We are told \(\displaystyle \csc(\theta)<0\) and \(\displaystyle \cot(\theta)>0\), and so we ask ourselves in which quadrant are both of these true. The cosecant function is negative in quadrants 3 and 4, while the cotangent function is positive in quadrants 1 and 3, so we now know $\theta$ must be in quadrant 3, i.e:

\(\displaystyle \pi<\theta<\frac{3\pi}{2}\)

Now, one way we could proceed is to simply solve for $\theta$ directly, and then evaluate the other 5 functions at that angle, or as suggested above, we may employ identities and definitions to get the other functions.

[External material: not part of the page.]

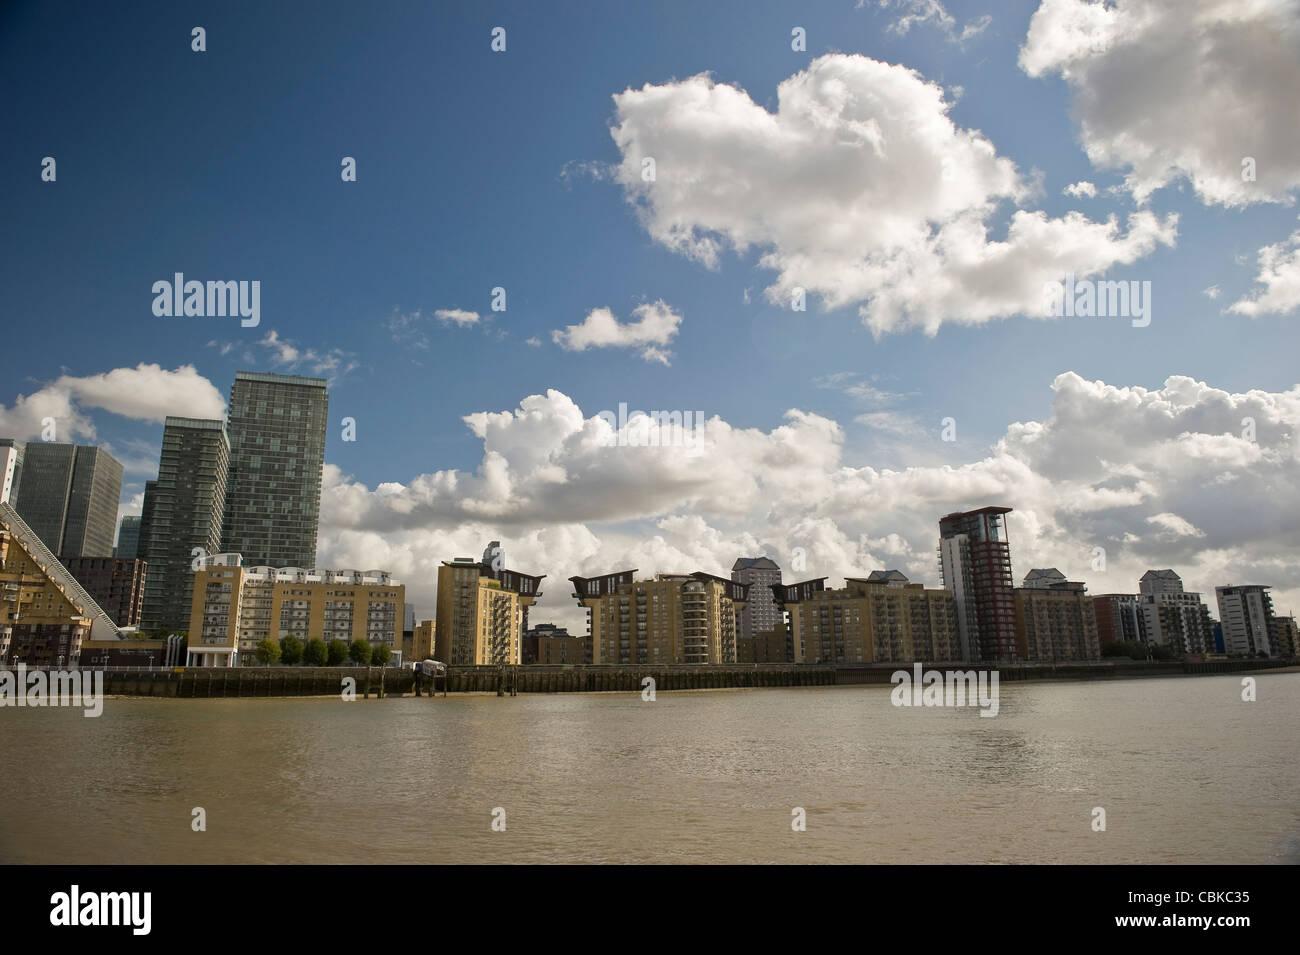 Riverside residential tower blocks in Docklands, London, UK - Stock Image

It is usually the second of these methods that is preferred, because we won't always be able to easily solve for the angle $\theta$, and so this second method is a more general way to proceed.

If I were to solve this problem using this method, I would first look at:

\(\displaystyle \sin(\theta)=\frac{1}{\csc(\theta)}=?\)

Next, I would use:

\(\displaystyle \cos(\theta)=-\sqrt{1-\sin^2(\theta)}=?\)

Why do we take the negative root here?

Next, we may finish up with definitions:

\(\displaystyle \sec(\theta)=\frac{1}{\cos(\theta)}=?\)

\(\displaystyle \tan(\theta)=\frac{\sin(\theta)}{\cos(\theta)}=?\)

\(\displaystyle \cot(\theta)=\frac{1}{\tan(\theta)}=?\)

There are of course other Pythagorean identities that could be used, so my outline above is just one such way to go.